◆ **DATASET EXTRACT**:

____________

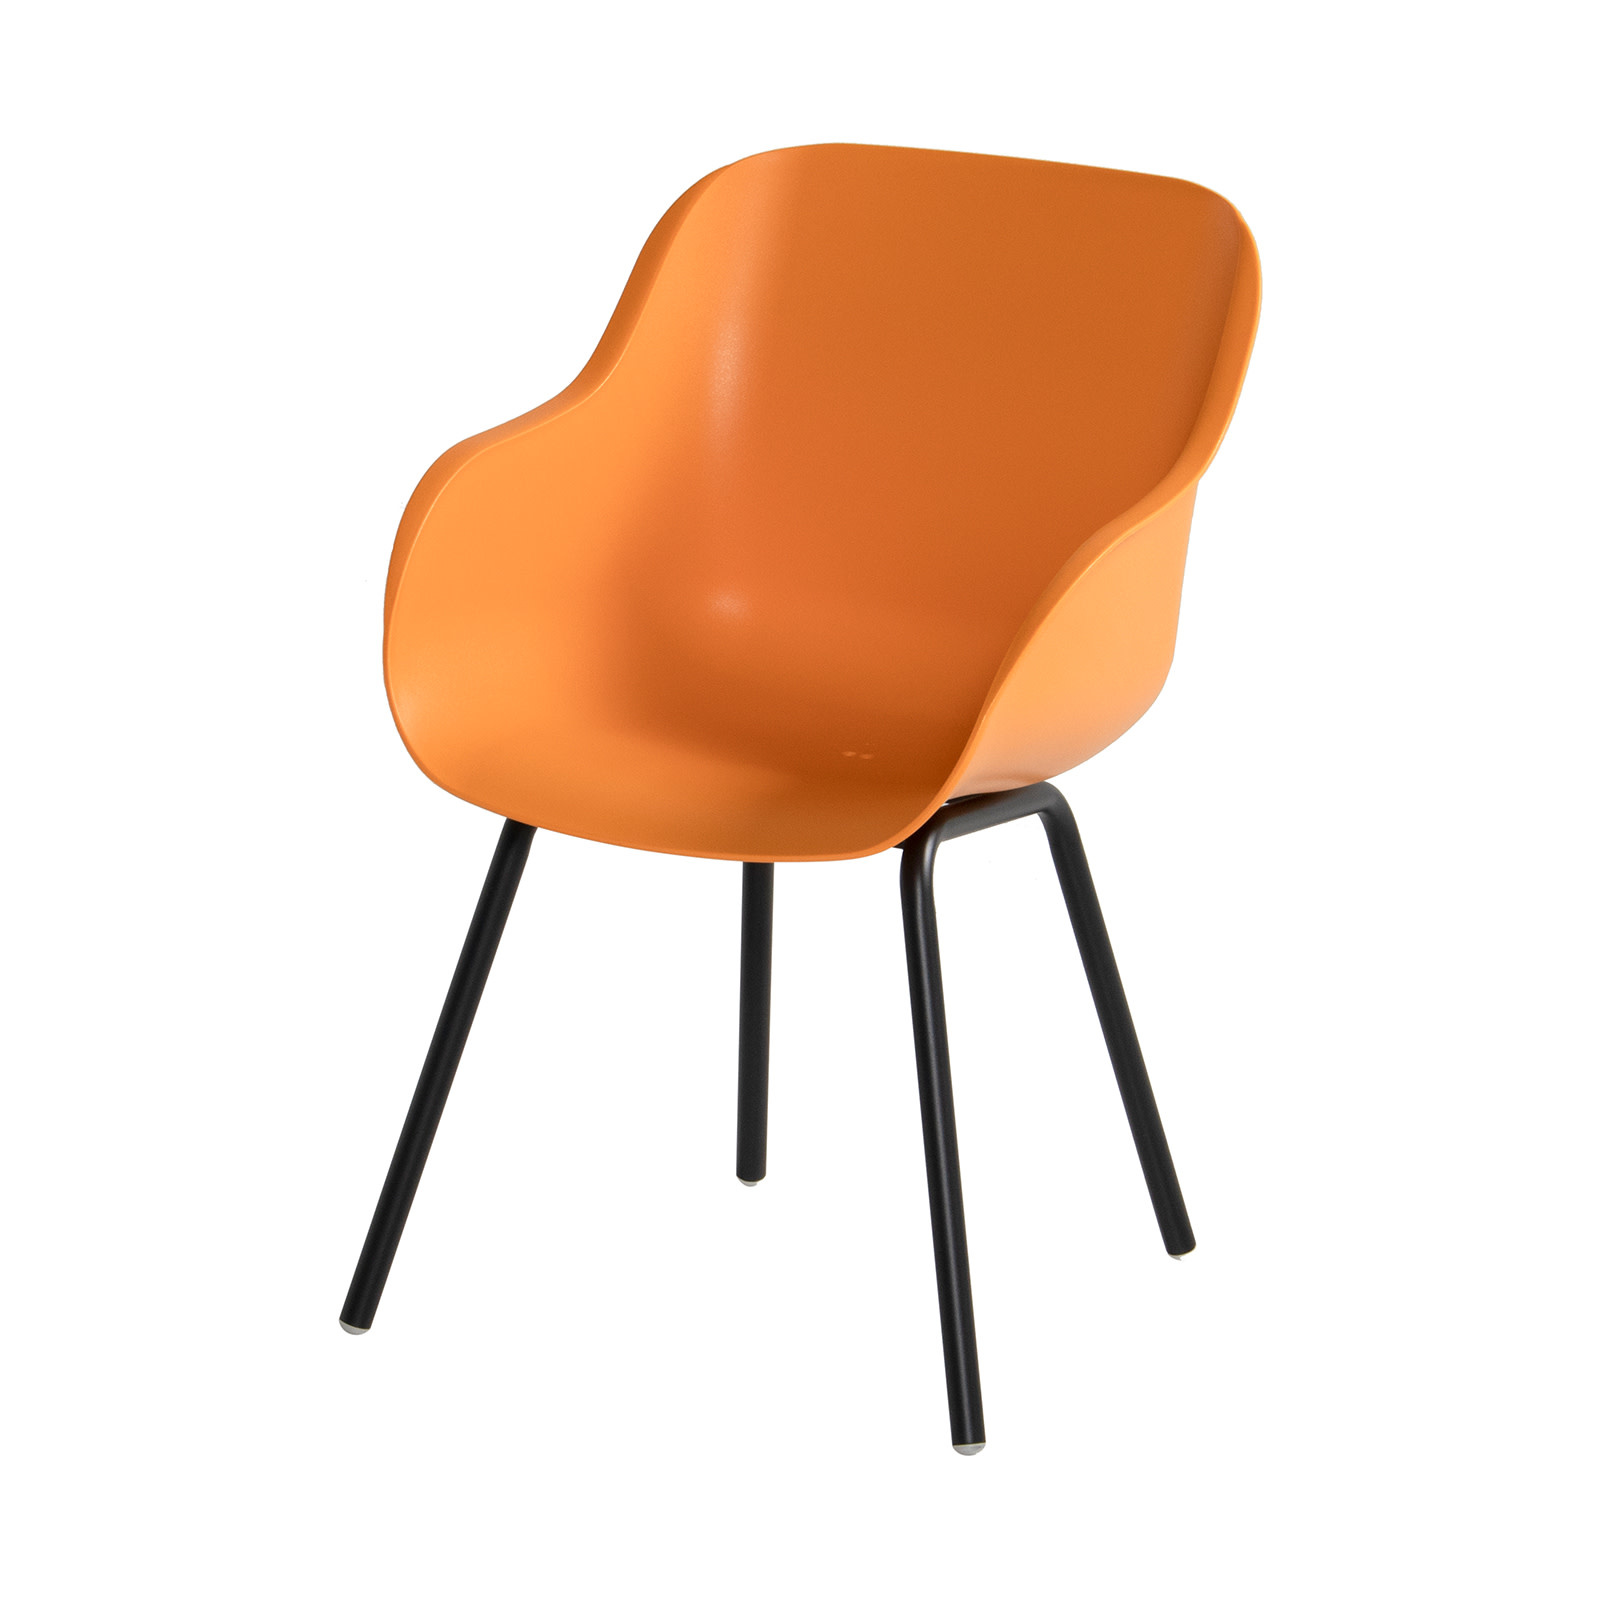 Hartman Hartman set 5-delig Sophie elegance chair NEW ORANGE met tafel sophie studio HPL 128cm  black
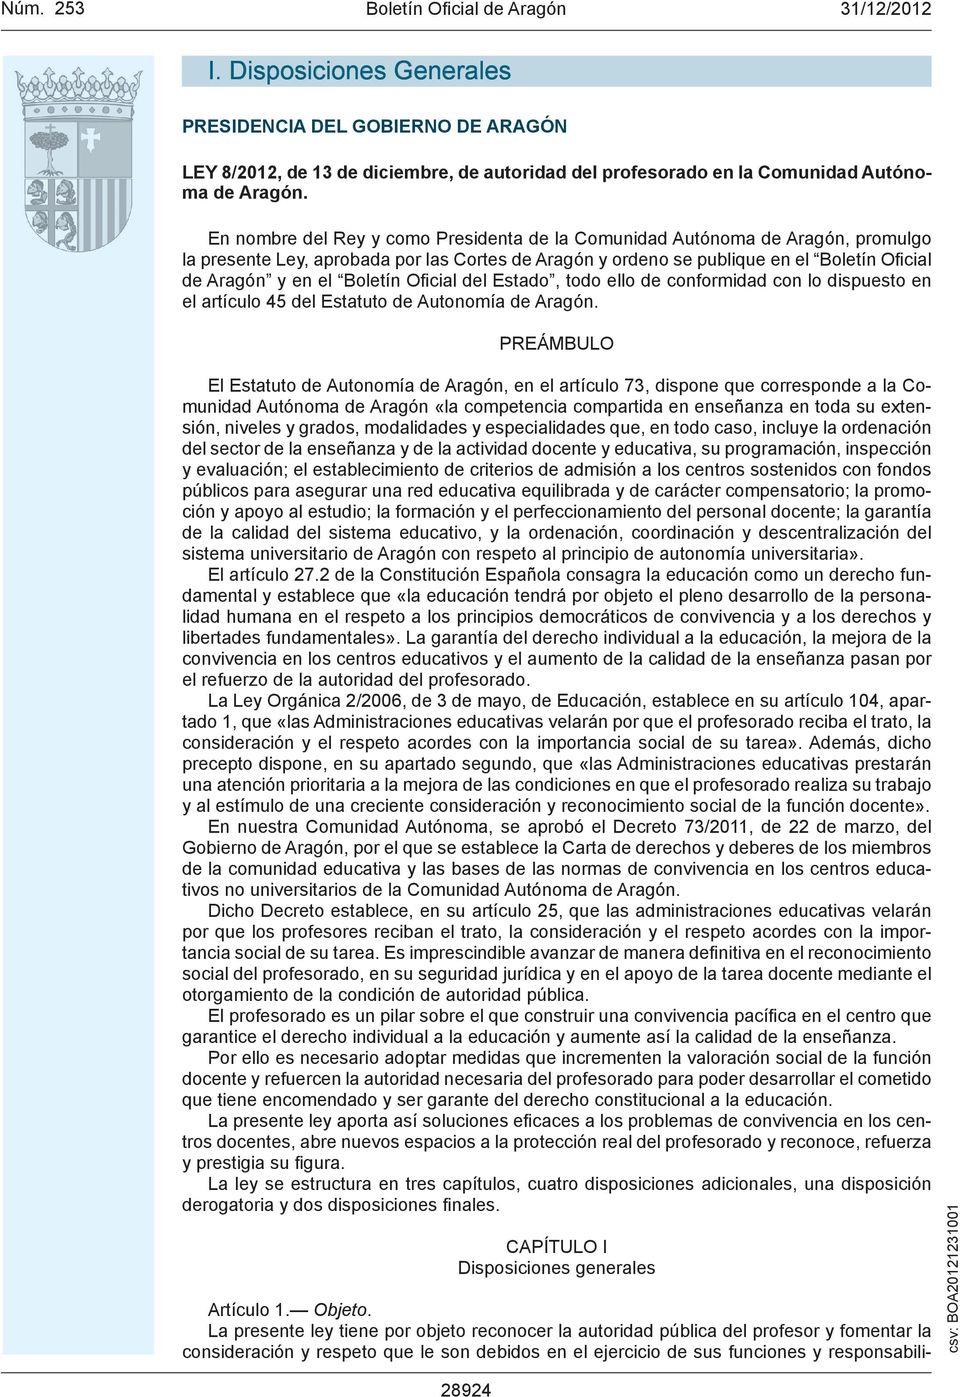 Boletín Ofi cial del Estado, todo ello de conformidad con lo dispuesto en el artículo 45 del Estatuto de Autonomía de Aragón.
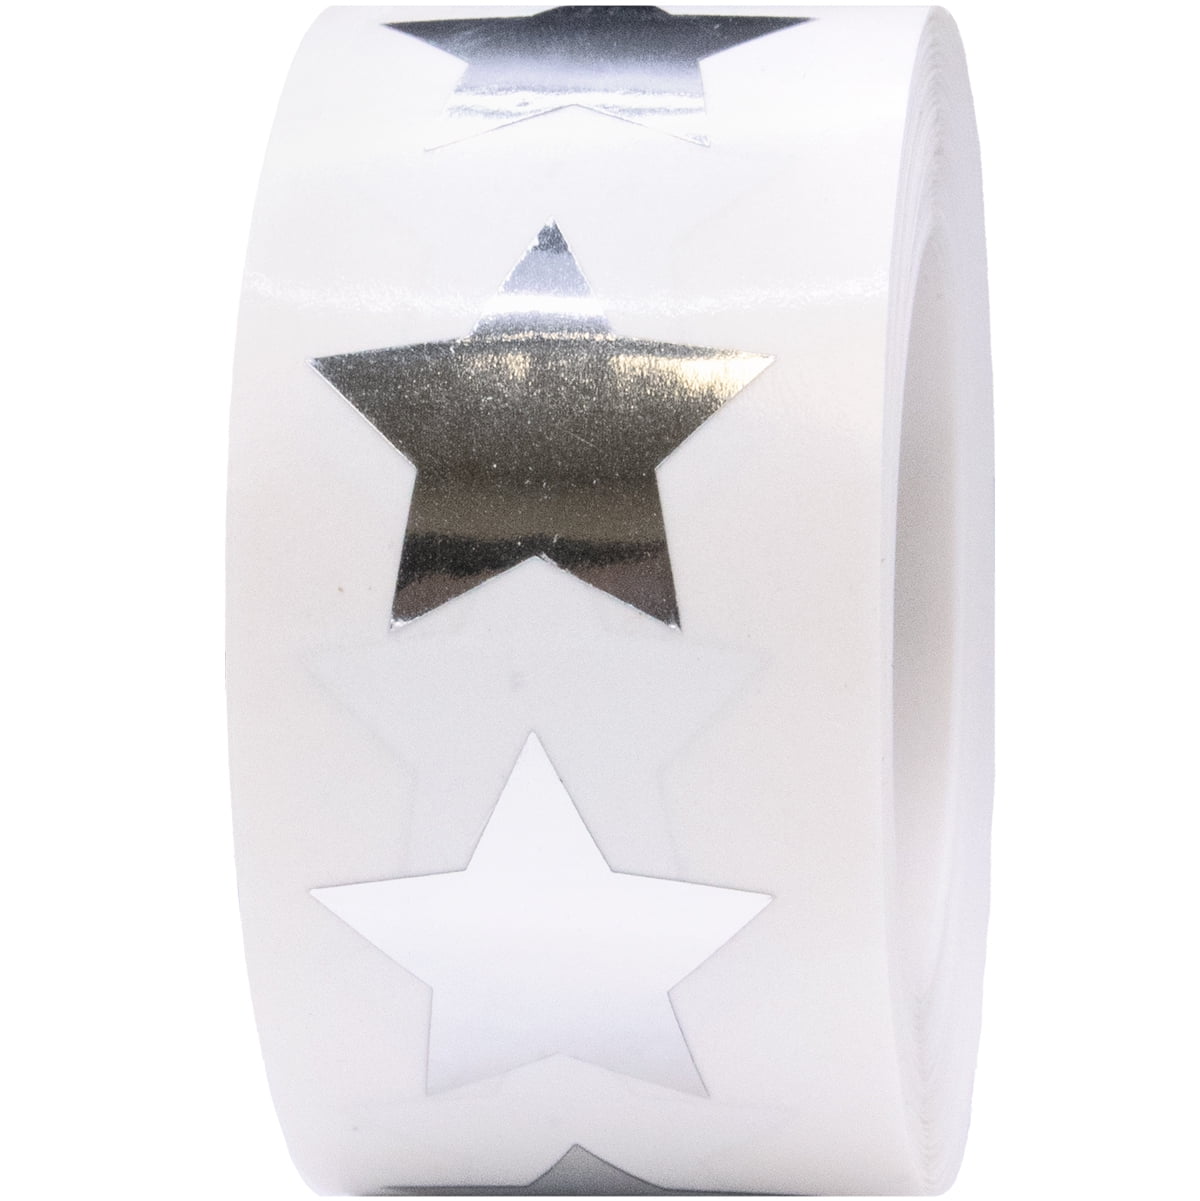 350 Silver Stars School Teacher Reward Stickers Self Adhesive 15mm I31 
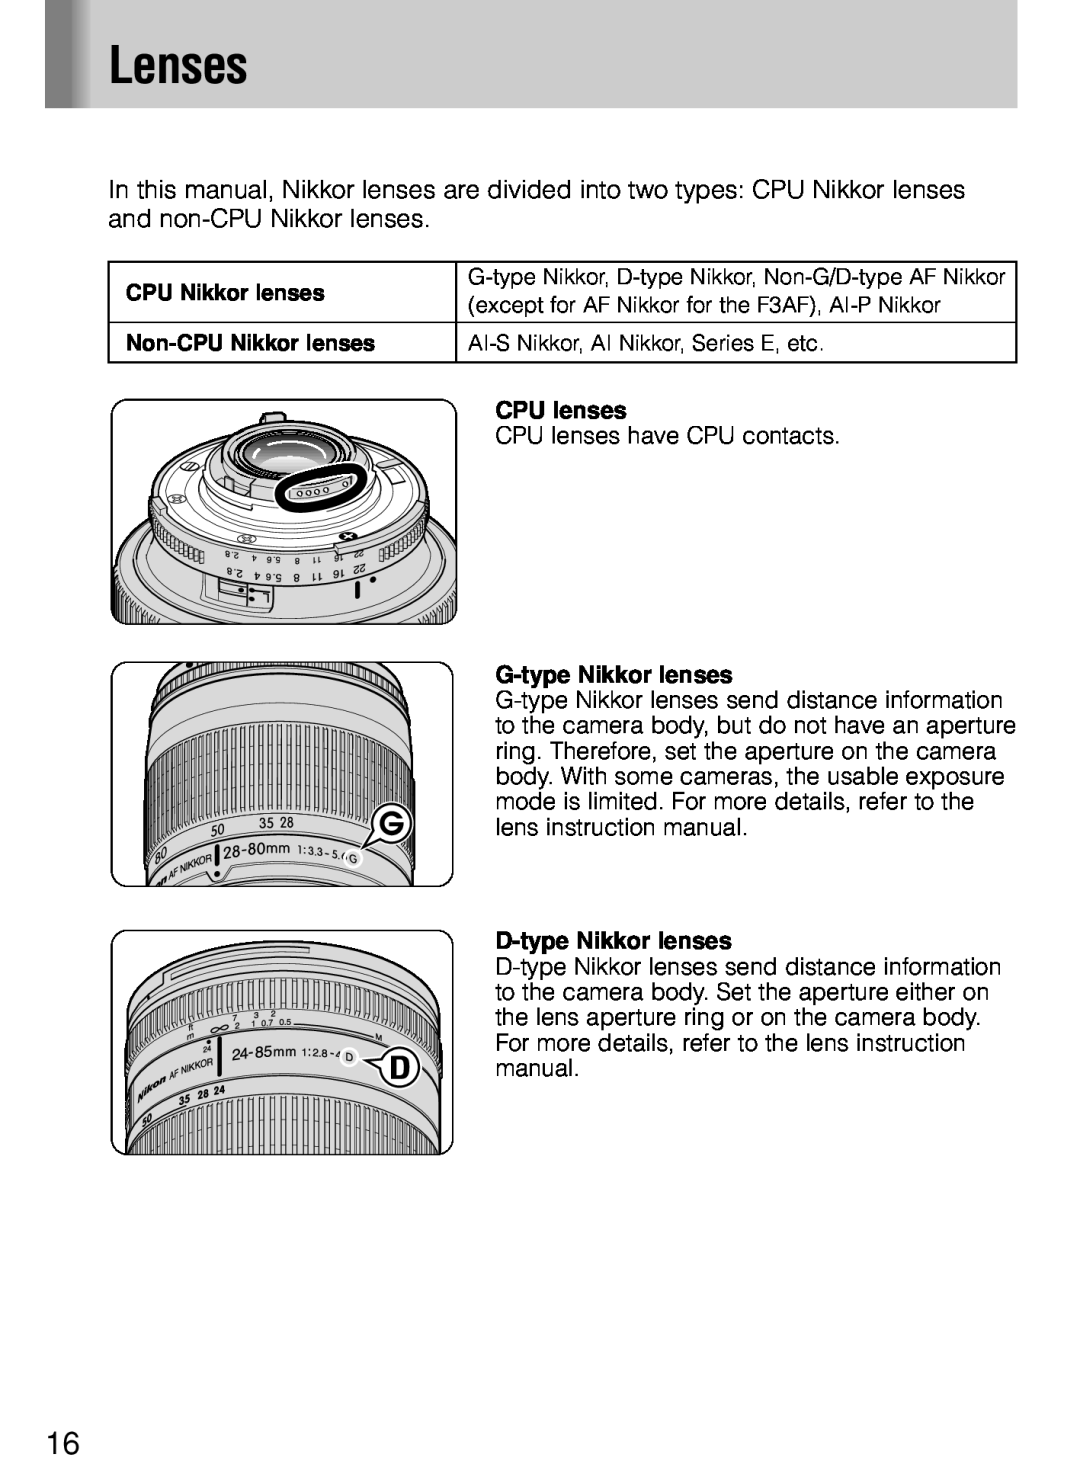 Nikon SB-800 instruction manual Lenses, CPU lenses, G-type Nikkor lenses, D-type Nikkor lenses

____________

◆ **YOUR ASSIGNMENT**:
Print the data again word for word, pictures excluded.

◆ **RESULT OF THIS TASK**:
 Hartman Hartman set 5-delig Sophie elegance chair NEW ORANGE met tafel sophie studio HPL 128cm  black
 Boletín Ofi cial del Estado, todo ello de conformidad con lo dispuesto en el artículo 45 del Estatuto de Autonomía de Aragón.
 350 Silver Stars School Teacher Reward Stickers Self Adhesive 15mm I31 
 Nikon SB-800 instruction manual Lenses, CPU lenses, G-type Nikkor lenses, D-type Nikkor lenses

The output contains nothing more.